She flushed. “Well, I mean, yes. But sometimes he takes one of the trucks. There’s one gone now. But sometimes, so does Caesar. He’s one of our foremen. Why don’t you come in and have a cup of coffee while I check?”
“Thank you, ma’am.” Harper nodded as she ushered us into a small waiting area with chairs against the wall and a few automotive and hunting magazines strewn across the end tables. I was relieved to see a Keurig on the desk across the room.
Katy Lipman disappeared through the open doorway behind the desk, and I availed myself of the Keurig. “Green Mountain or Doughnut Shop?” I asked Harper.

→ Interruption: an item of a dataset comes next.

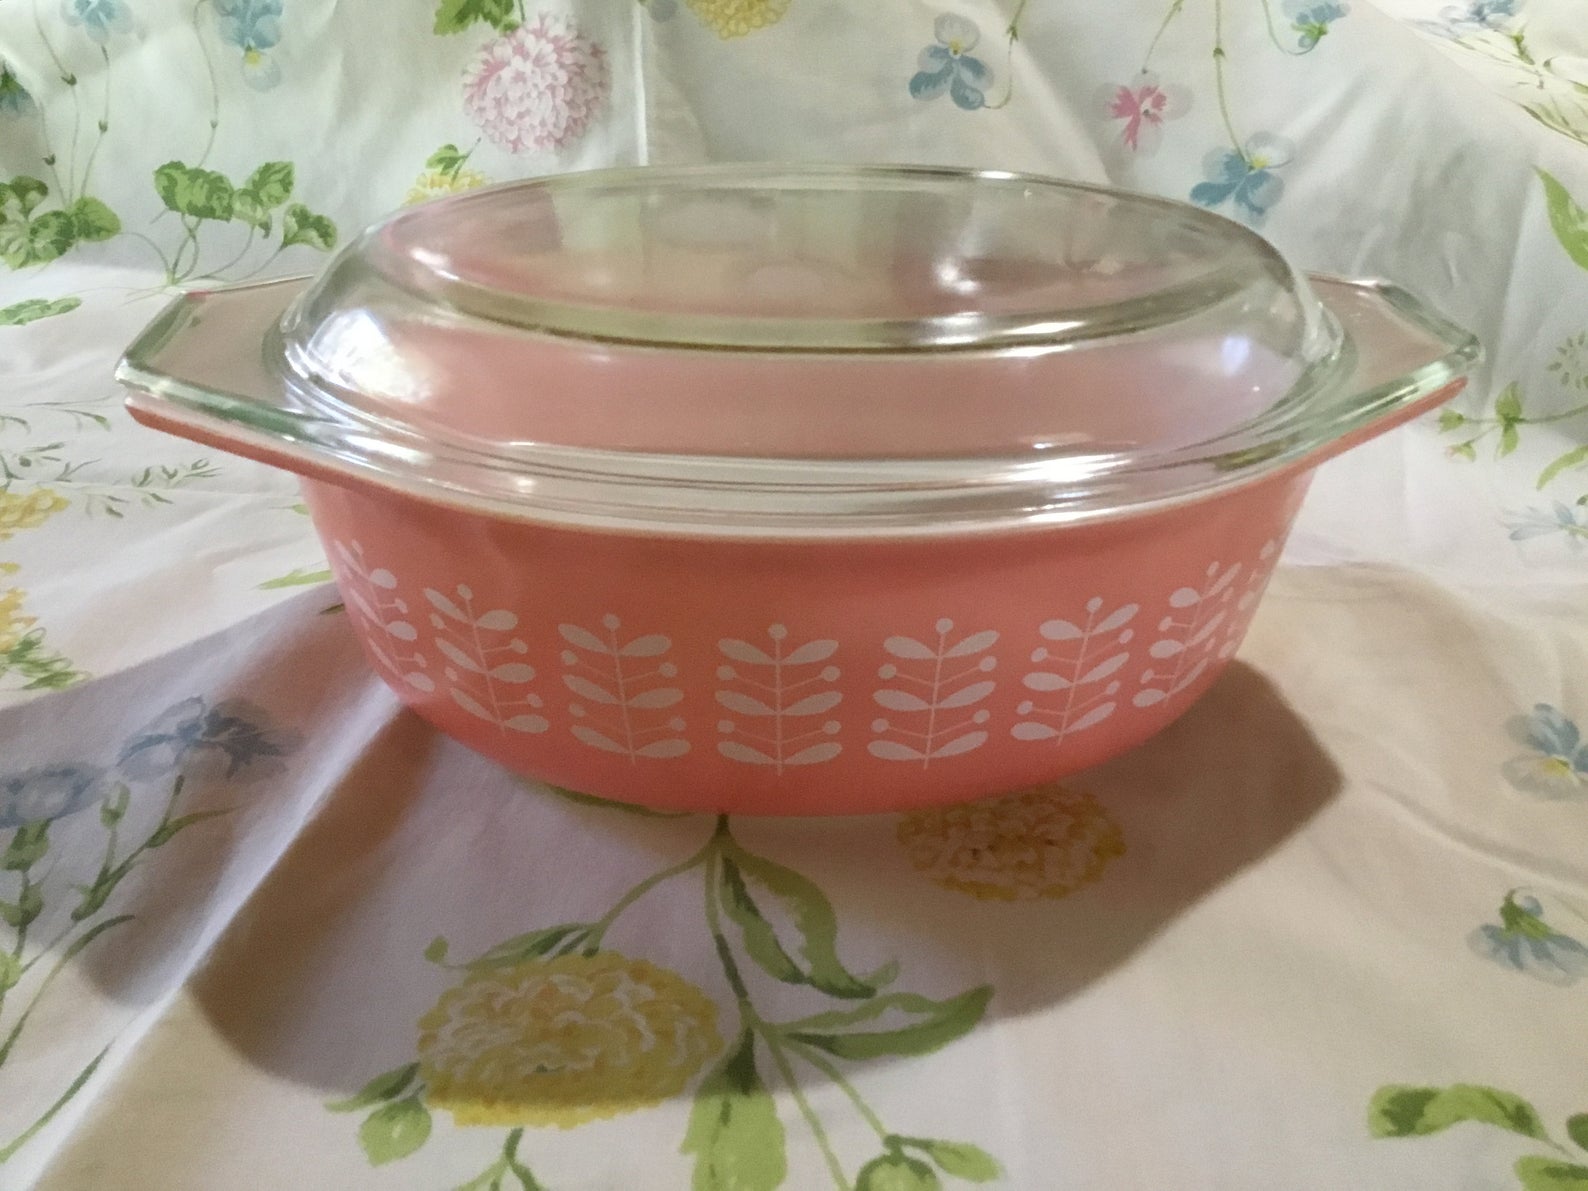 Clear with white design. Vintage pyrex casserole bowl with lid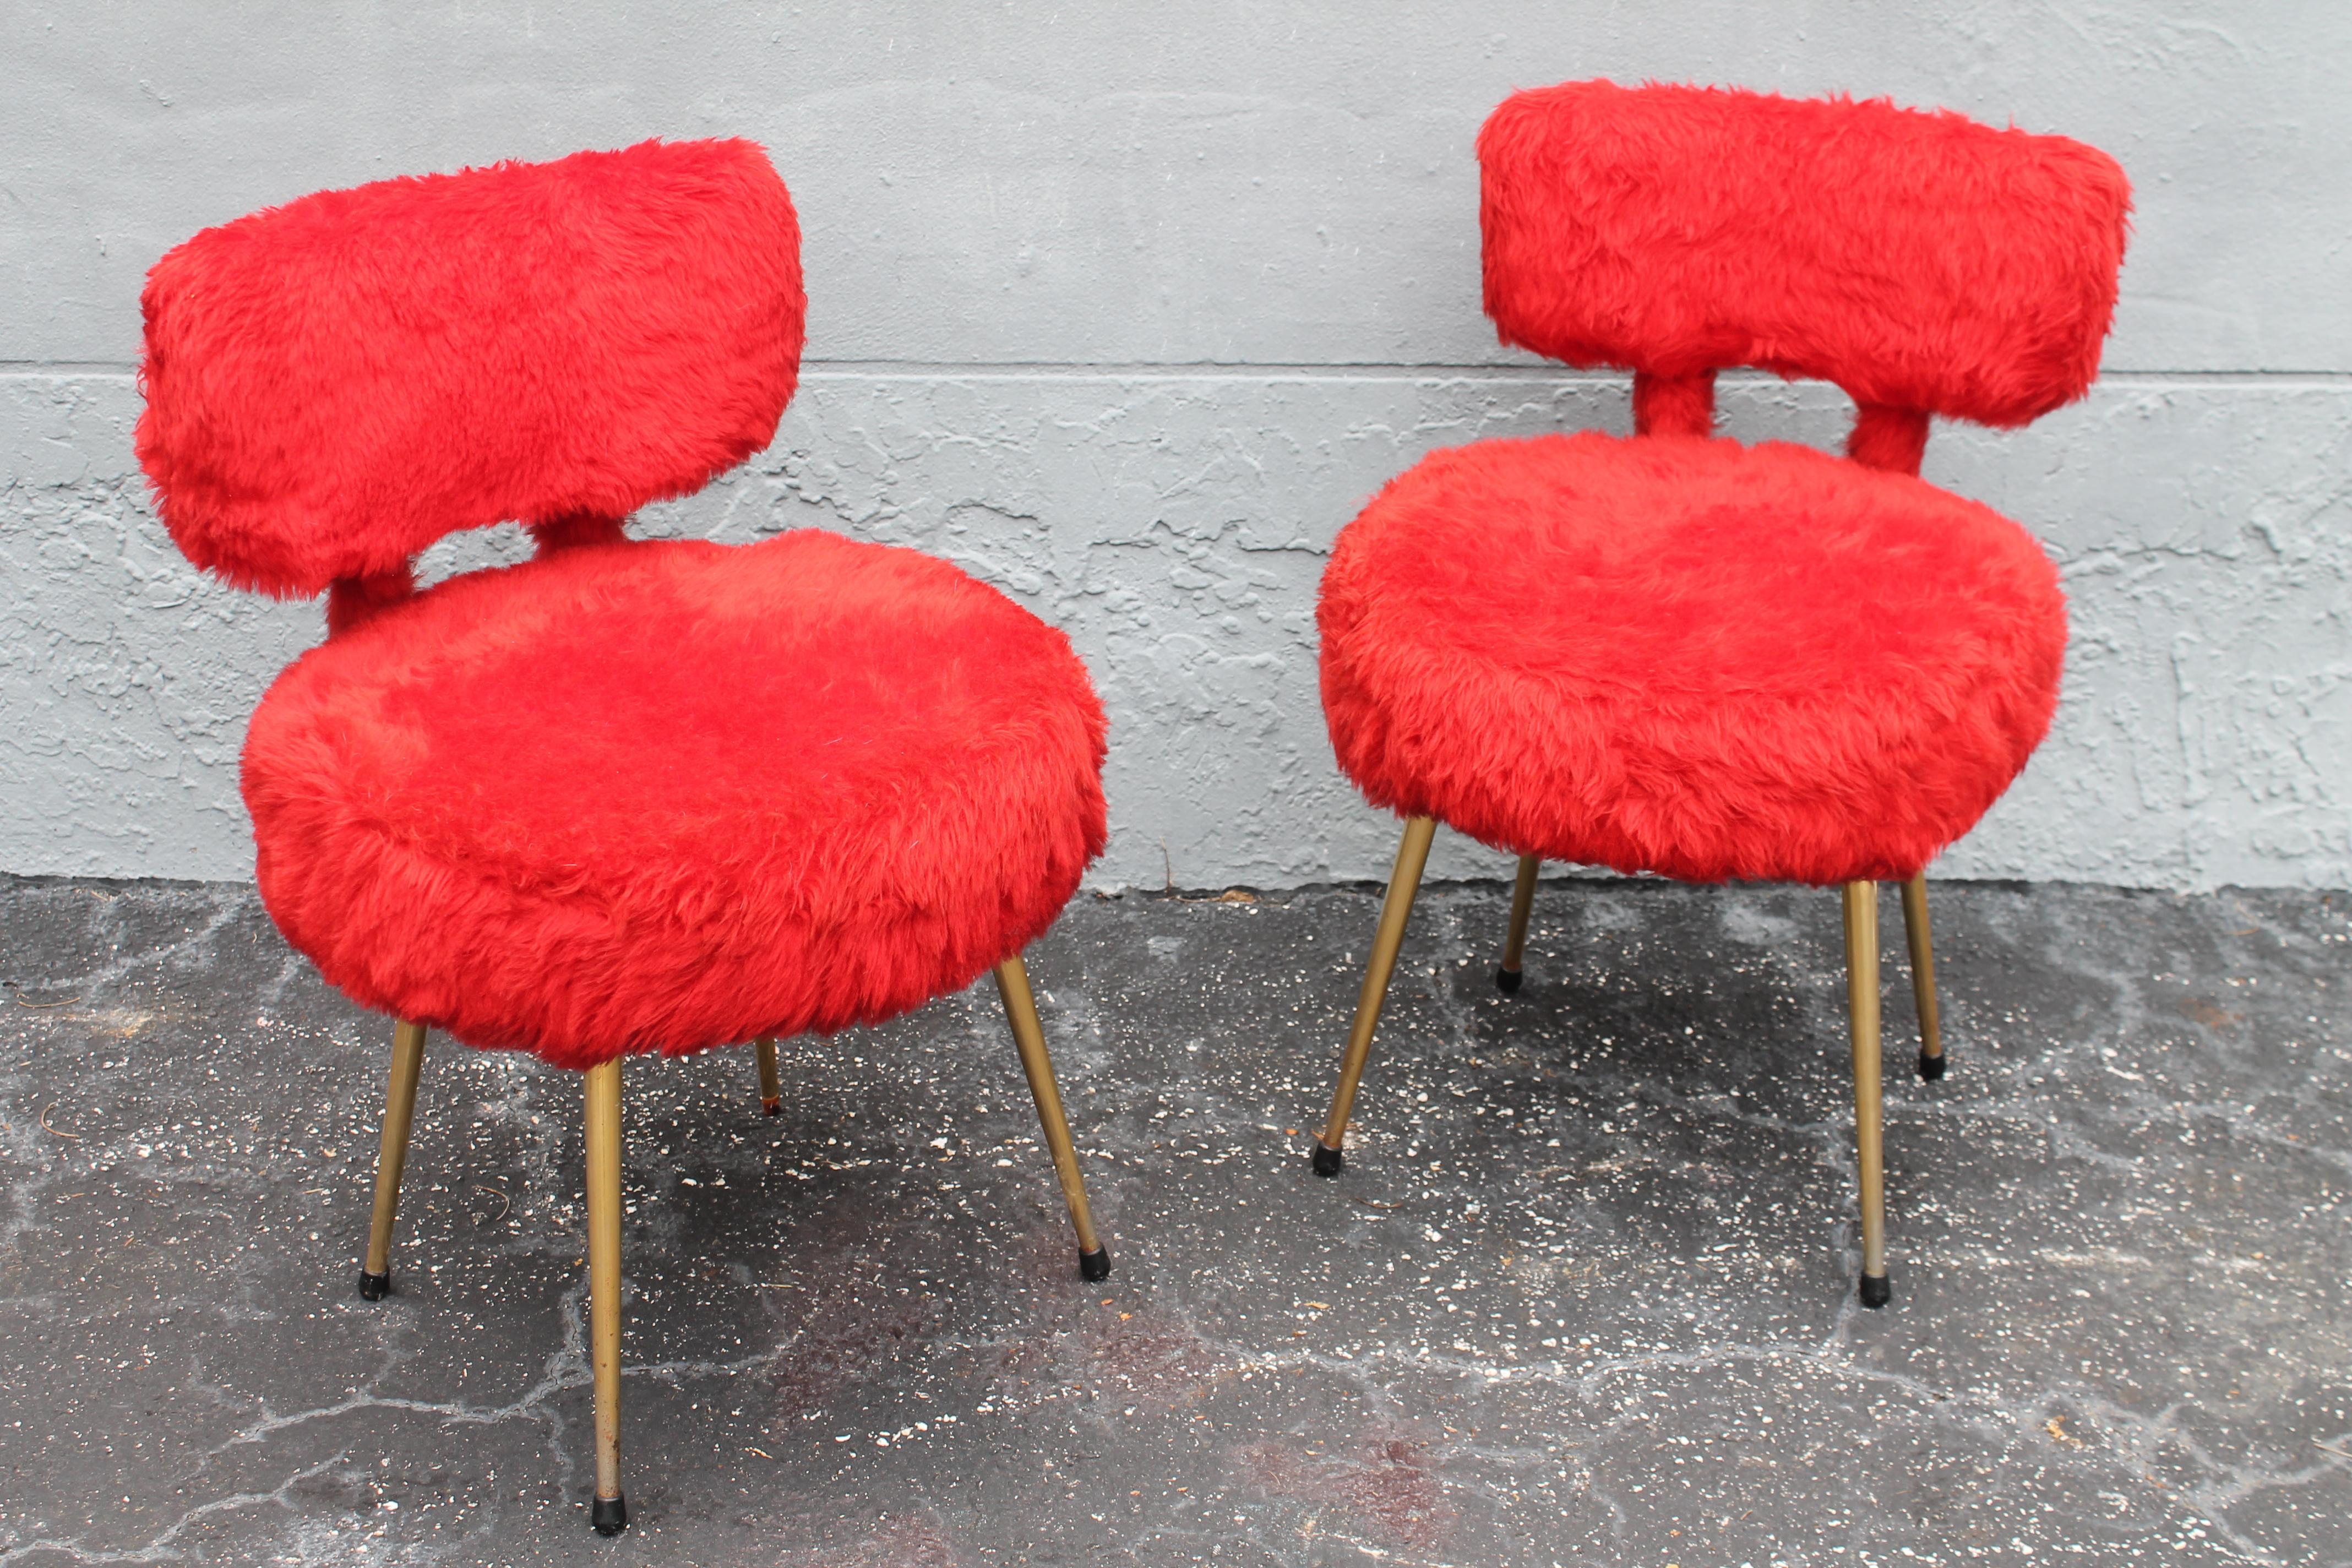 Pair of French Mid Century Modern Red Faux Fur Side Chairs. Metal legs. This pair is fun and they would fit in most styles.

“I just had coffee,” he reminded me.
“I don’t know what the CARD team is drinking, but it’s definitely not coffee,” I said. “Doughnut Shop it is.”
When someone crossed the threshold of the open doorway again, it wasn’t Katy Lipman. Instead, it was a tall, disheveled-looking man whose pale-blond hair stuck up, askew, around the edges of his John Deere cap. He, too, wore a navy down vest over a red-and-black plaid flannel shirt and duck boots covered in mud.
“Daniel Hayes,” he said, striding across the room and shaking first Harper’s hand, then my own. “Katy tells me you wanted to speak with me?”
“We would,” said Harper. “And with her, if she has the time.” Again, it was more of a formality. Even if she didn’t, she would make the time—whether she liked it or not.
“She just ran out with Caesar to a site,” he said regretfully. “Just right quick, they’ll be back in a few—it was a bit of an emergency, to be honest with you. Plumbing thing.”
“Of course,” said Harper politely. “I hear you’re a hard guy to get ahold of.”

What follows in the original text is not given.